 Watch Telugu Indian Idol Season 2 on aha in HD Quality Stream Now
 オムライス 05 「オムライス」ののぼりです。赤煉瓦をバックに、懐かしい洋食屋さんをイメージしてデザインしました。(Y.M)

--

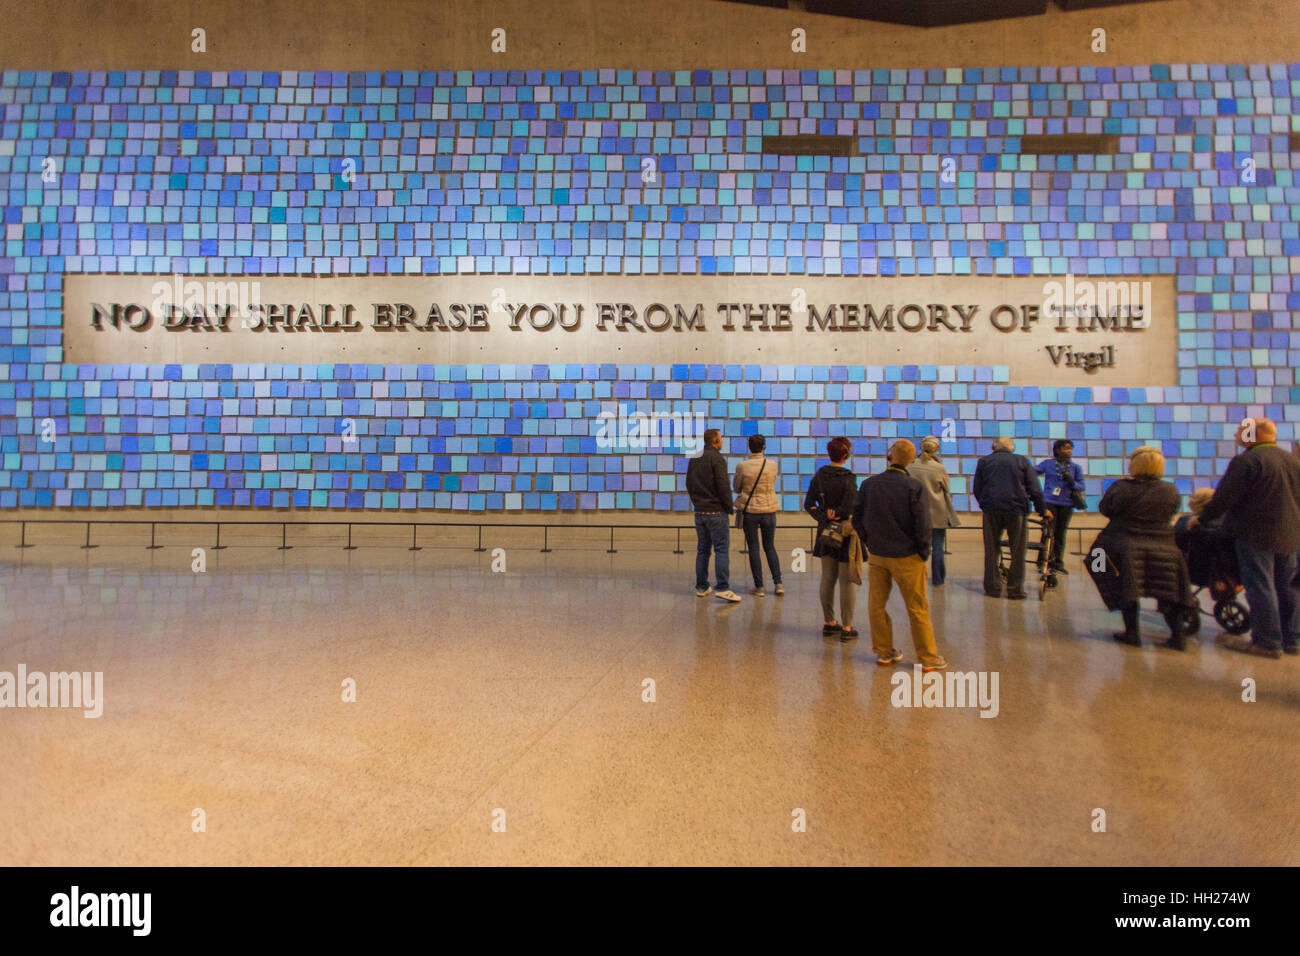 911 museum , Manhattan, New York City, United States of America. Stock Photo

* * *

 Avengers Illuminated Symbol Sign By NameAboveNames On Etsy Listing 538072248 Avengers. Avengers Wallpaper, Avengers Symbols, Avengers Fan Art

* **What the exercise asks**
Set down, exactly as they appear above, all lines from the one that has "Watch Telugu Indian" down to the one that has "オムライス 05 「オムライス」ののぼりです。赤煉瓦をバックに、懐かしい洋食屋さんをイメージしてデザインしました。(Y.M)", including those two and no others.

* **Exercise result**
 Watch Telugu Indian Idol Season 2 on aha in HD Quality Stream Now
 オムライス 05 「オムライス」ののぼりです。赤煉瓦をバックに、懐かしい洋食屋さんをイメージしてデザインしました。(Y.M)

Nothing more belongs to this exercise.